Of course, this is just a speculation. If we made communication among non-psychopaths more easy, the psychopaths would also make their next move in the arms race—they could misuse the channels for more powerful attacks, or make people provide incorrect information about them by manipulation or threats. So it’s not obvious that better communication would mean less power for psychopaths. But it seems to me that a lack of communication is always helpful for them, so more communication should generally be helpful. Even having the concept of a psychopath is helpful, although it can be abused. Investigating the specific weaknesses of psychopaths and making them widely known (just like the weaknesses of average people are generally known) could also reduce their advantage.

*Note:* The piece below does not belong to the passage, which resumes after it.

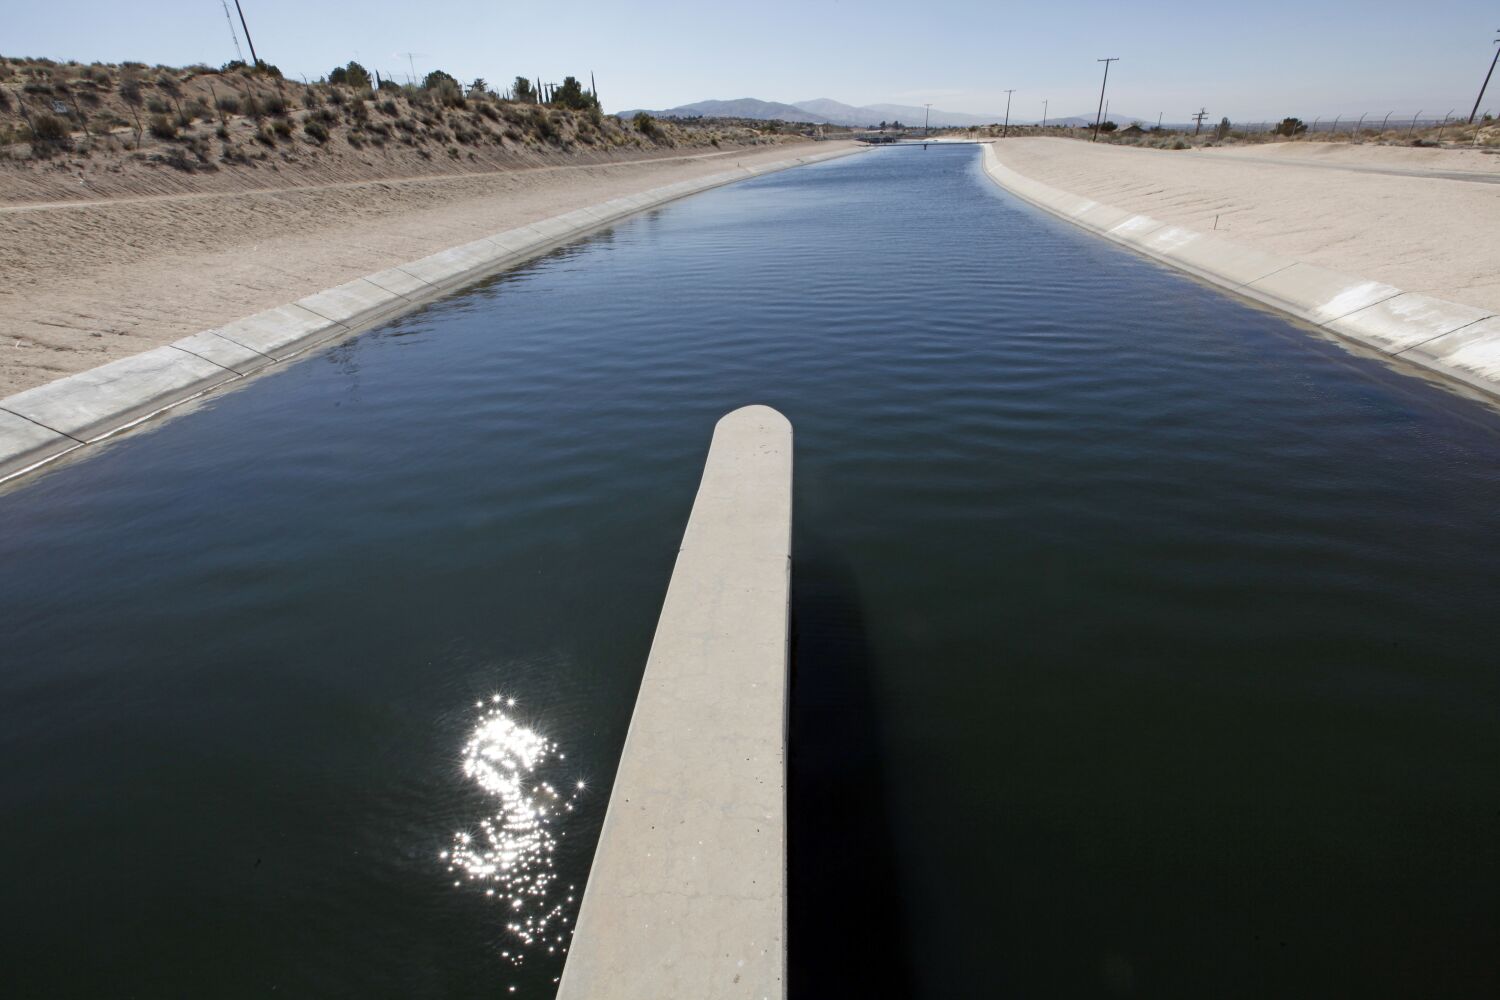 California to get major boost in water supplies following January storms

However, I imagine that the values of psychopaths are not so different from values of average people. They are probably a subset, and the missing parts (such as empathy) are those that cause problems. Let’s say they give extreme priority to feeling superior and watching their enemies crushed and pretty much ignore everything else (a huge simplification). There is a chance their values are so different they could be satisfied in a manner we would consider unfriendly, but they wouldn’t—for example if reality is not valuable for them, why not give them an illusion of maximum superiority, and a happy life to everyone else, so everyone will have their utility function maximized? Maybe they would agree with this solution even if they had perfect intelligence and knowledge.
The wirehead solution applies to a lot more than psychopaths. Why would you consider it unfriendly?